Других я потерял из виду раньше.
В марте 1890 г. по хлопотам моей матери мне разрешили держать экзамены в государственной комиссии при Петербургском университете, для чего разрешили отпуск в Петербург на необходимый срок353. Так как экзамены начинались в первых числах апреля, то уехать из Шенкурска мне было позволено 20 марта 1890 г. В назначенный день я и уехал, ровно в 12 часов ночи. Этим закончилась моя первая ссылка или, лучше сказать, первая часть моей ссылки, ибо из Петербурга я вернулся в тот же Шенкурск для отбытия наказания по прежнему приговору.

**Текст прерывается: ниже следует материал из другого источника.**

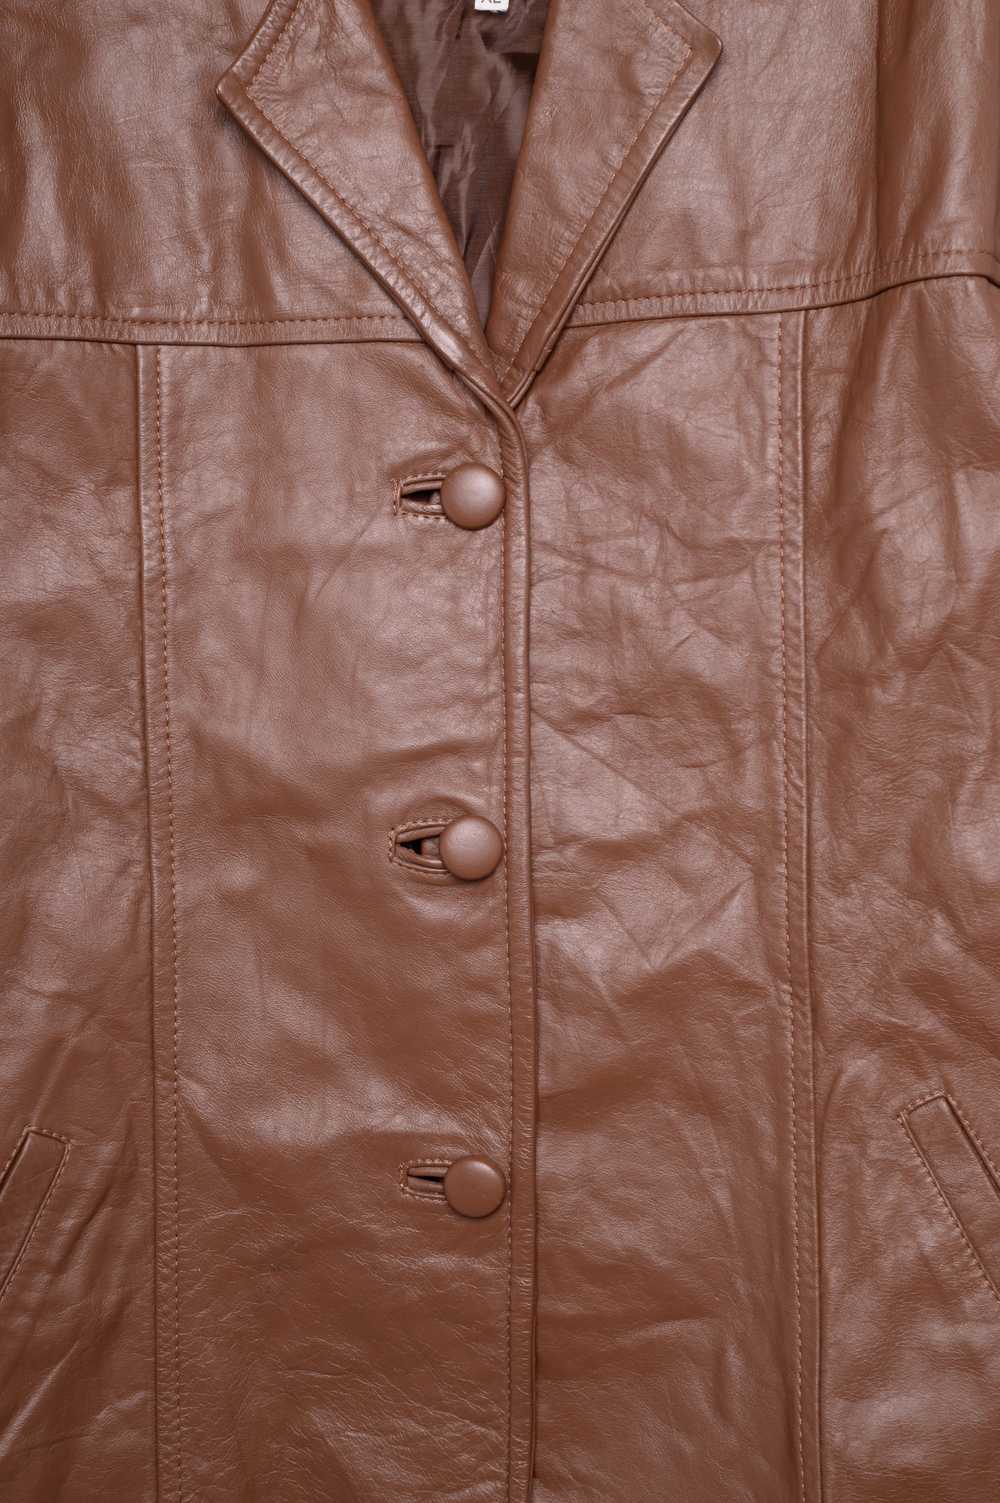 1970s Caramel Leather Jacket - image 2

Выгадывал каждый час для отъезда я потому, что весна уже явственно наступала. Весной в тех местах нередко случалось, что едва едущий переберется через какую-нибудь речонку на пароме, как застанет ледоход на следующей реке; едва переждешь ледоход на ней и подъедешь к третьей, как с нею повторится та же история. Это не редко случалось в те времена с людьми, едущими с юга на север (или осенью в обратном направлении), но я ехал на юг, и, следовательно, эта опасность мне не грозила, но опасность застрять где-нибудь в одном месте, на Волге у Ярославля или, может быть, на Сухоне у Вологды, была налицо. Поэтому надо было очень торопиться. Поезд из Вологды отходил один раз в день, в 8 часов утра; надо было торопиться к нему.

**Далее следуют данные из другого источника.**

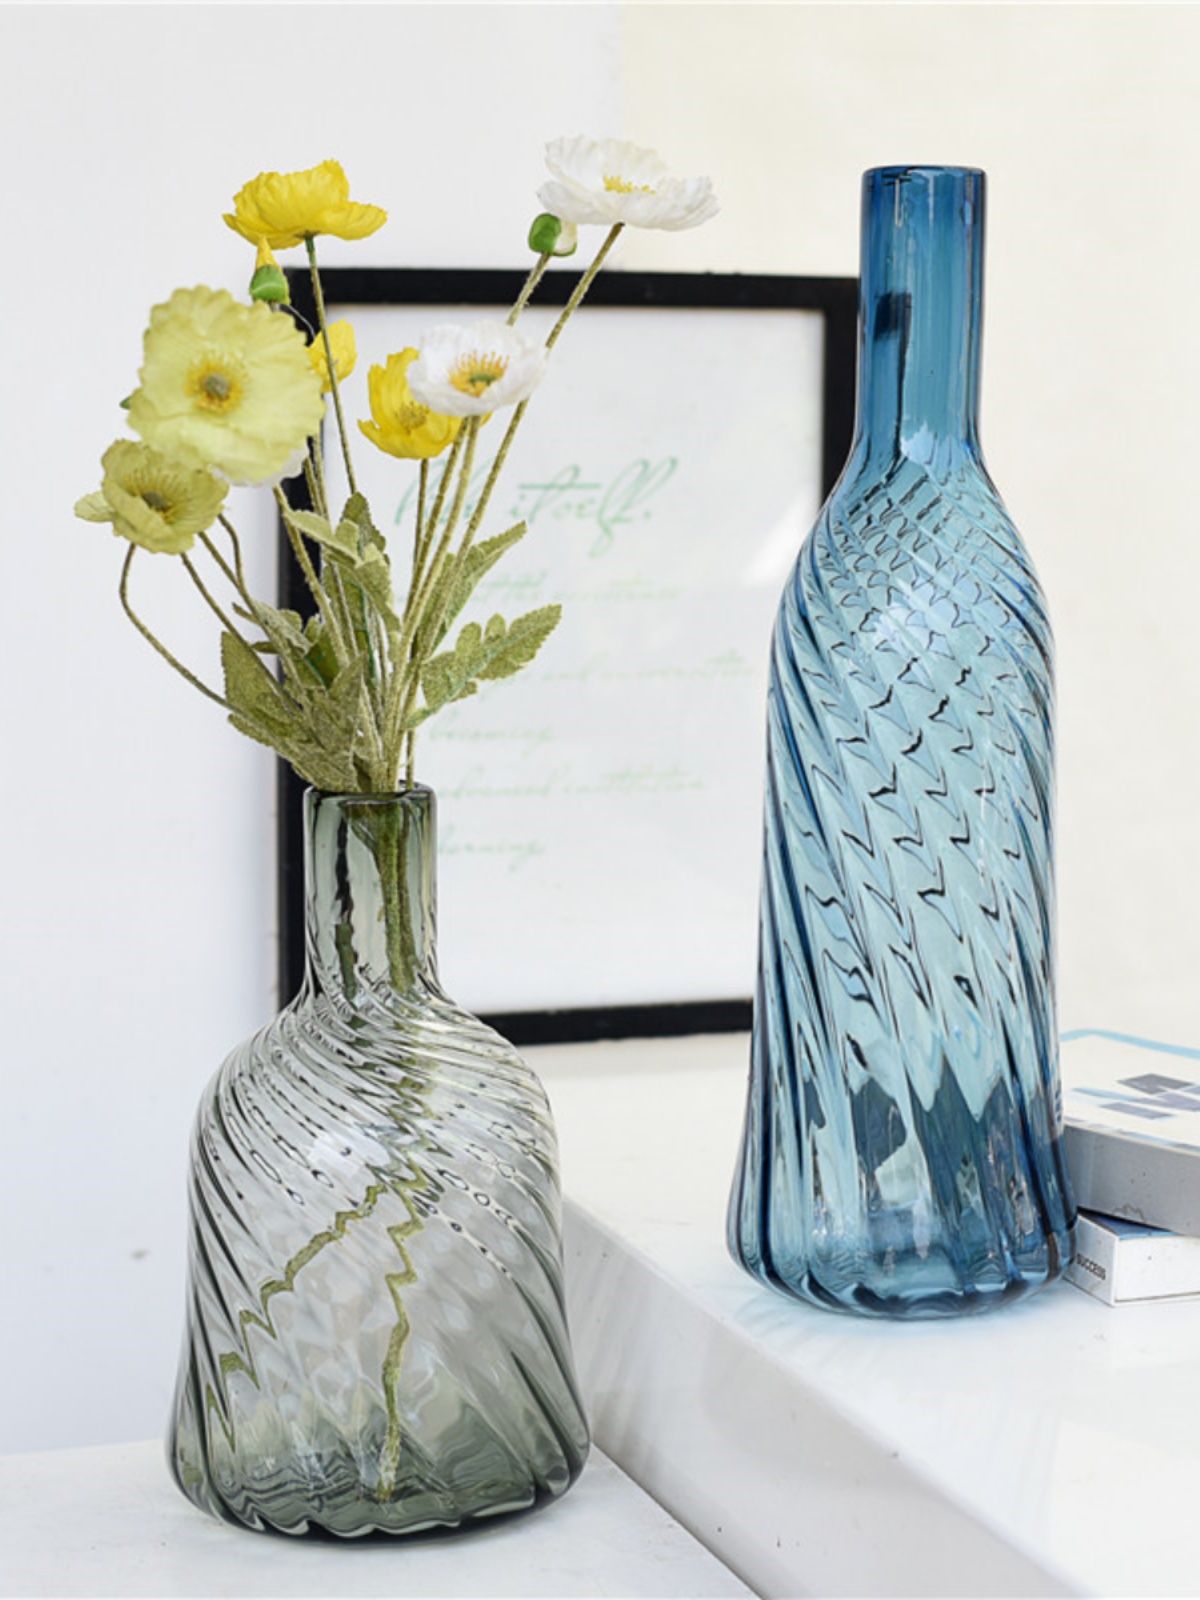 每周一三五上新/简约现代时尚彩色玻璃花瓶家居装饰品摆件B11-1-5

До Вологды было, кажется, 407 верст, и обычно в зимнее время можно было доехать в 48 часов, а если щедро давать на чай, то и скорее. Но дороги были уже сильно испорчены, и нужно было иметь в запасе хотя бы часов 12. Я эти мотивы изложил исправнику и просил его отпустить меня за 6 часов до срока, указывая ему, что по закону в пределах уезда отлучки разрешает он, а до полуночи я никоим образом за пределы уезда не попаду. Аргументы произвели на него впечатление, тем более что самое разрешение ссыльному сдавать экзамены в государственный срок354 и ехать на неопределенный срок в Петербург (Петербург!) производило на него впечатление, как доказательство того, что у меня где-то есть сильная рука. И он разрешил.

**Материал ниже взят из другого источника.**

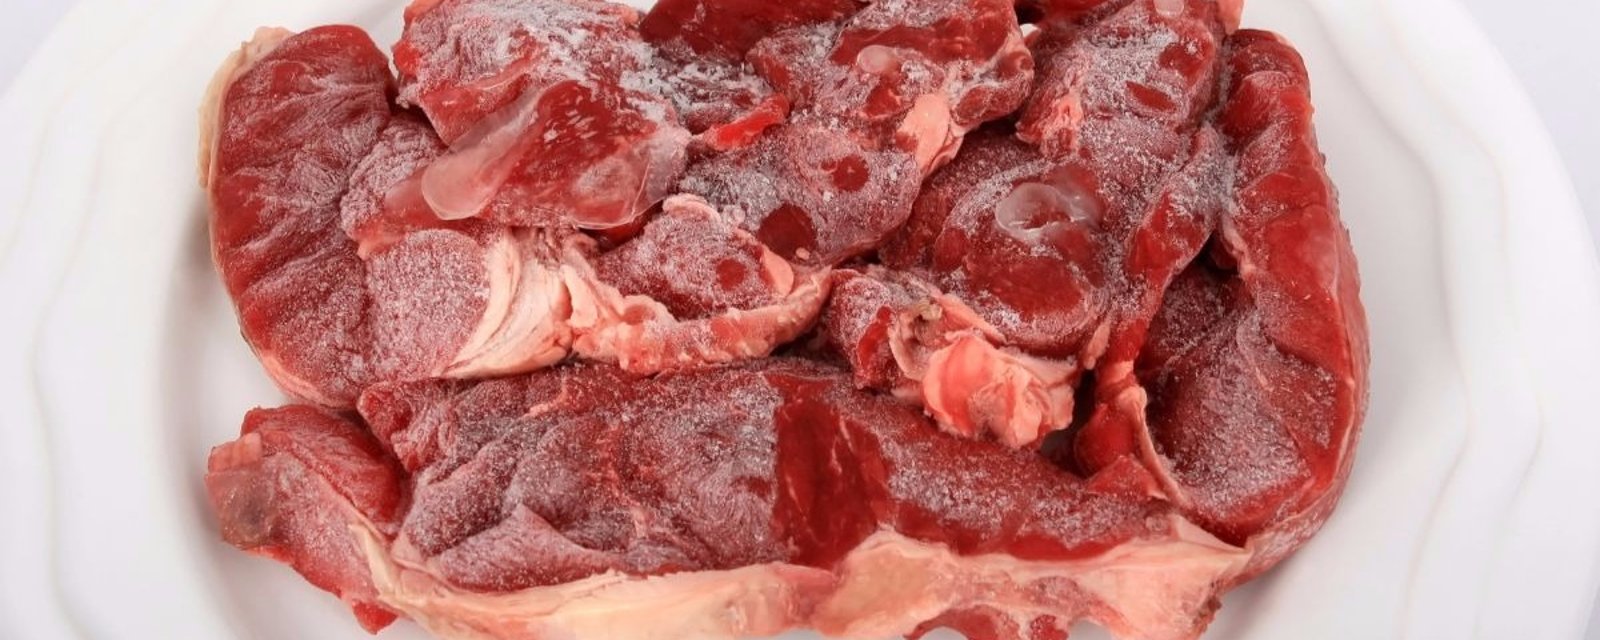 Dégelez votre viande en quelques minutes seulement avec cette méthode sans danger

Но в 5 часов вечера ко мне явился полицейский и сообщил, что исправник переменил свое решение и запрещает выезжать раньше полуночи. Неприятно, но что уж делать; нельзя же, едучи на экзамены, рисковать быть арестованным на дороге по обвинению, кто знает, может быть, в побеге. Пришлось подчиниться, о чем заявляю полицейскому. Полицейский рассаживается и не обнаруживает намерения уходить.
– Что же вы?
– Мне предписано наблюдать, чтобы вы не уехали раньше.
Пришлось послать на почтовую станцию заказ на лошадей к 12 часам и терпеть присутствие полицейского при проводах и прощании с товарищами, даже поить его чаем.
Ровно в 12 часов я уехал и благополучно поспел в Вологду к самому отходу поезда, хотя Сухона имела очень грозный вид, у самых берегов имела большие полыньи, и ямщики везли очень неохотно.
На левый берег Волги против Ярославля поезд приходил часов в 9 вечера, уже в темноте. Все почти пассажиры нашего поезда все время обсуждали вопрос, удастся ли сегодня же перебраться через Волгу или нет. Оказалось, на Волге уже ледоход. Большинство пассажиров осталось переночевать в виду Ярославля, но человек 7 или 8, и я в том числе, нашли лодку и лодочников, которые за несколько рублей согласились нас переправить. Переправа произошла благополучно, но – бесплодно: к вечернему поезду мы опоздали и пришлось ночевать в Ярославле. Из Ярославля был и утренний поезд, и с ним мы уехали, встретившись в нем с нашими вчерашними спутниками.
Радостно встреченный в Петербурге в семье и старыми друзьями, я приступил к экзаменам. Экзаменовалось более 400 человек, по 40 в день; каждый экзамен требовал дней десять, и председатель комиссии (Капустин) работал непрерывно, но для экзаменующихся перерывы между экзаменами по разным предметам были очень велики. В апреле и мае сданы было 5 или 6 предметов; потом комиссия сделала летний перерыв355, и остальные экзамены, штук 12, были назначены на осень, когда они пошли несколько быстрее и все же закончились только 20 ноября, после чего мне было разрешено остаться в Петербурге до Нового года.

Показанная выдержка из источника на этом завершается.